#### Dataset extract
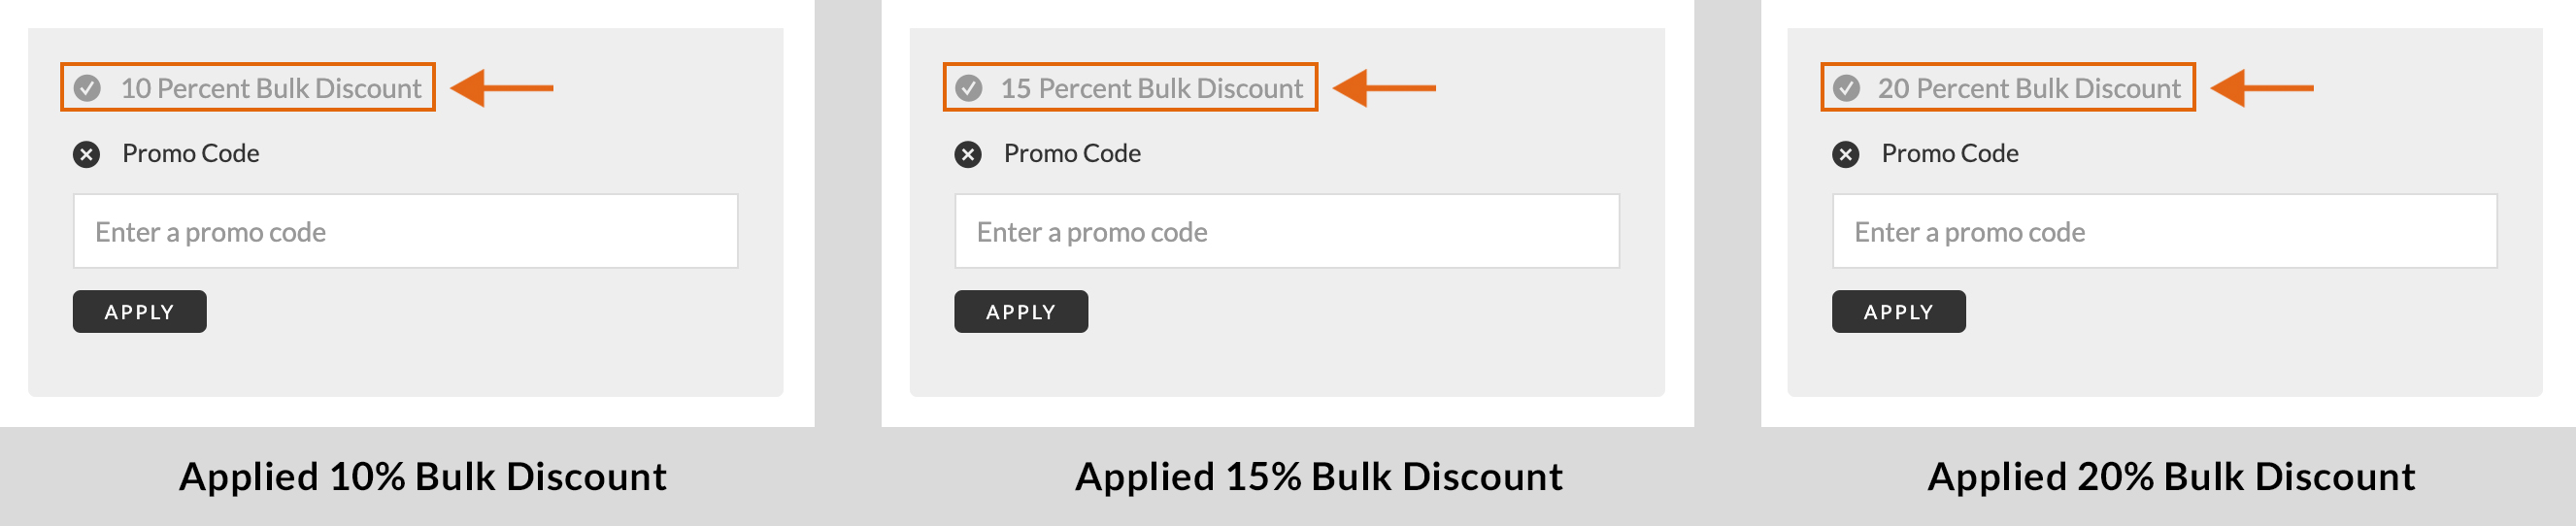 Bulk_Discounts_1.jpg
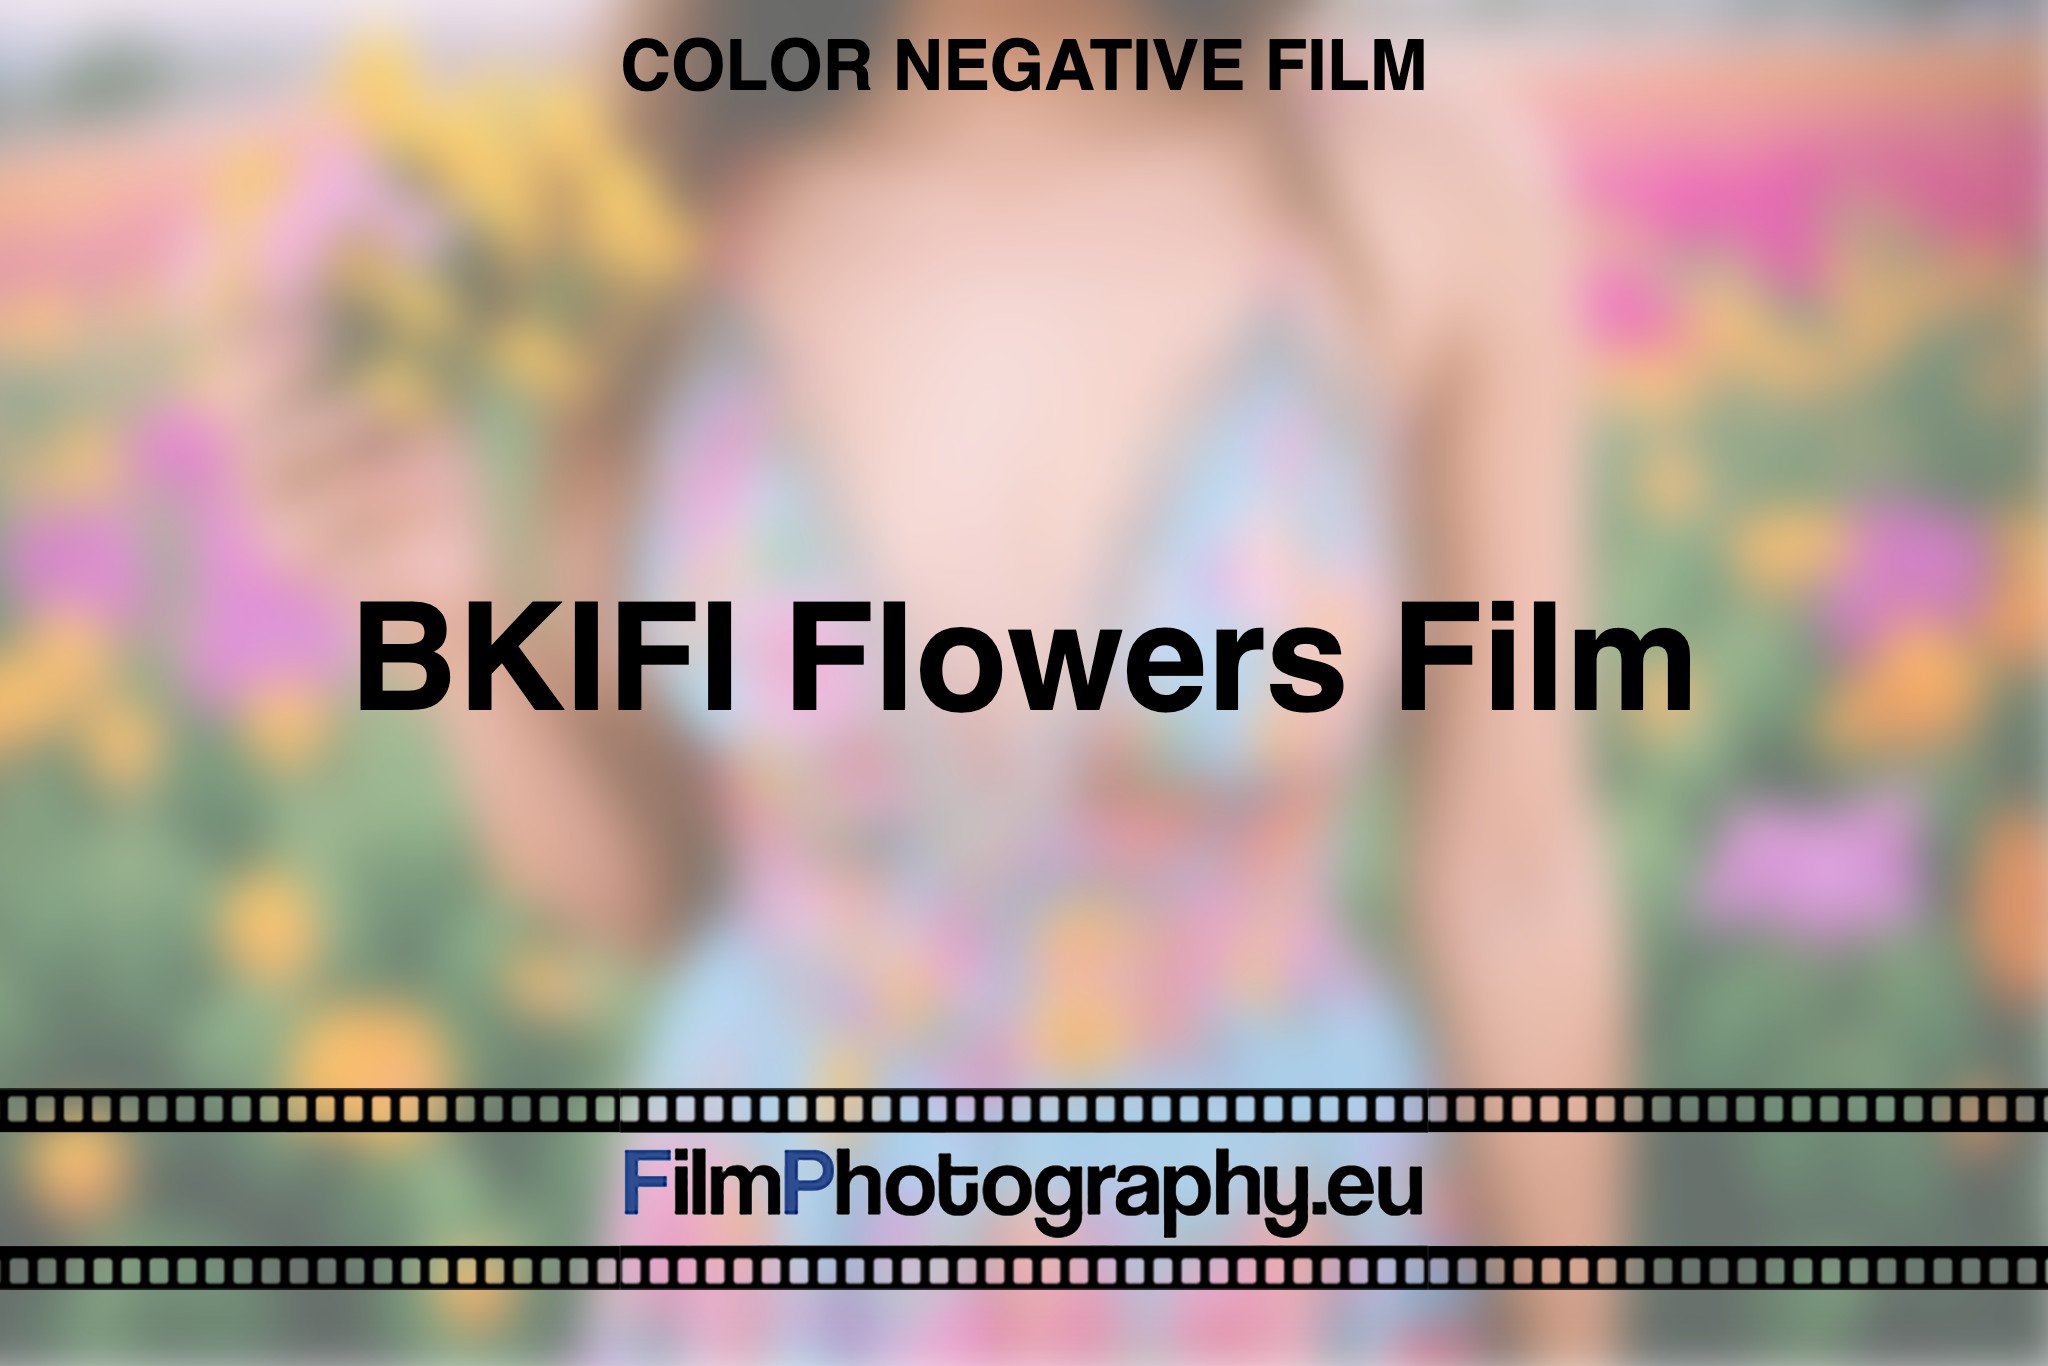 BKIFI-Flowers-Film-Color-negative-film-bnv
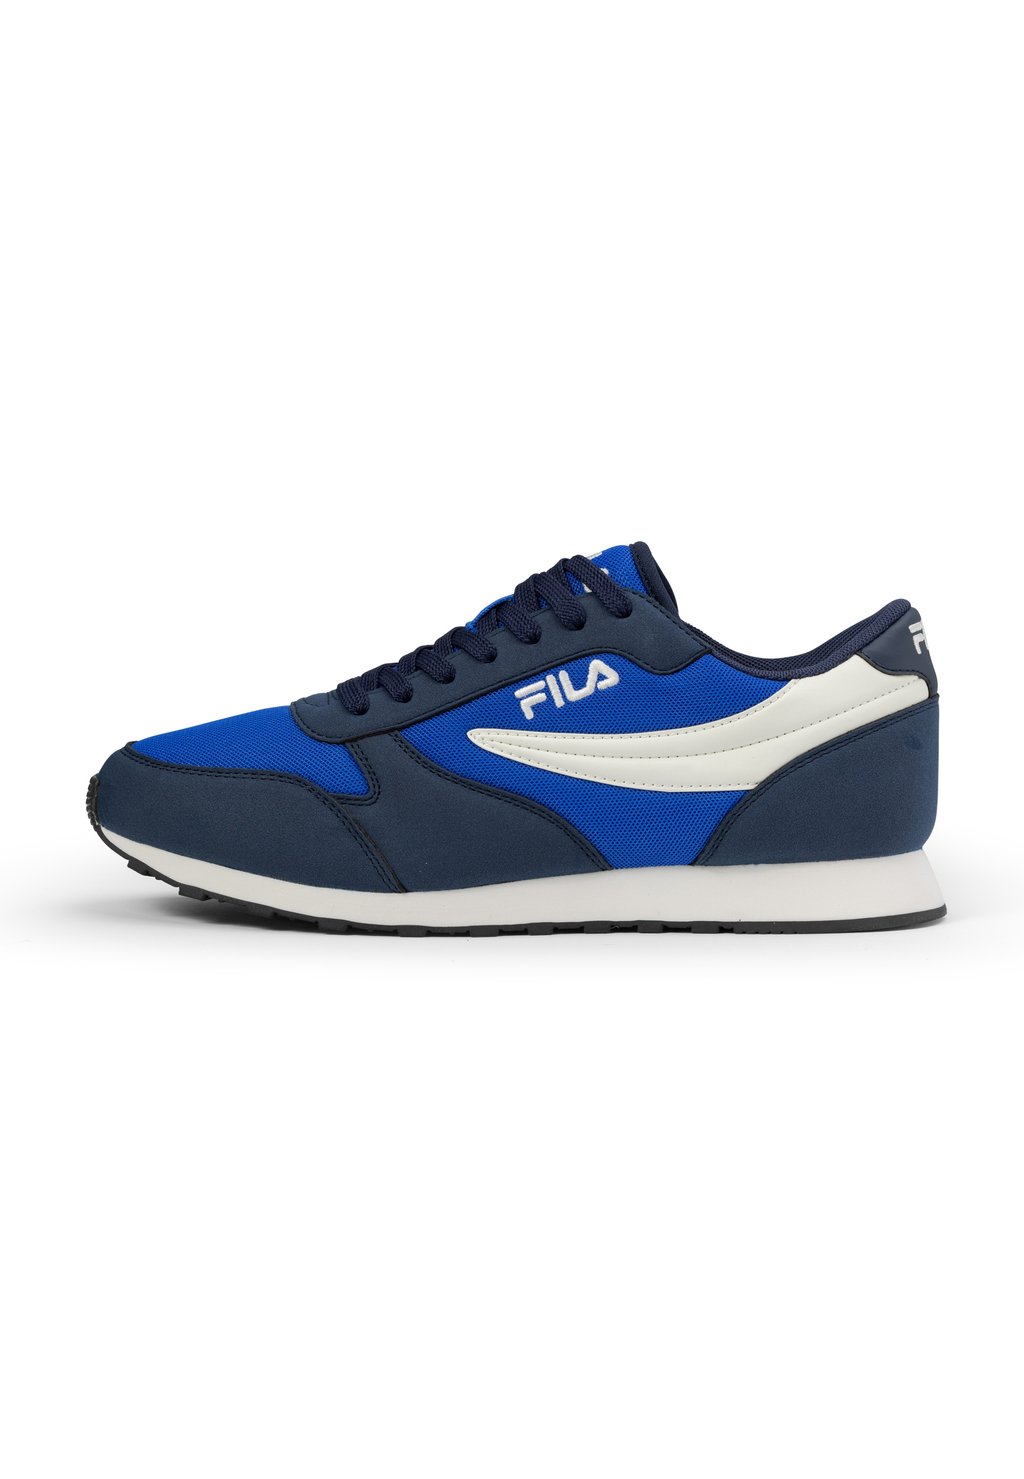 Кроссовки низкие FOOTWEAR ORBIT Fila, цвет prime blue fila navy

#### Exercise
Where pictures occur in the material above, omit them and return everything else exactly.

#### Expected answer
 Bulk_Discounts_1.jpg
 BKIFI-Flowers-Film-Color-negative-film-bnv
 Кроссовки низкие FOOTWEAR ORBIT Fila, цвет prime blue fila navy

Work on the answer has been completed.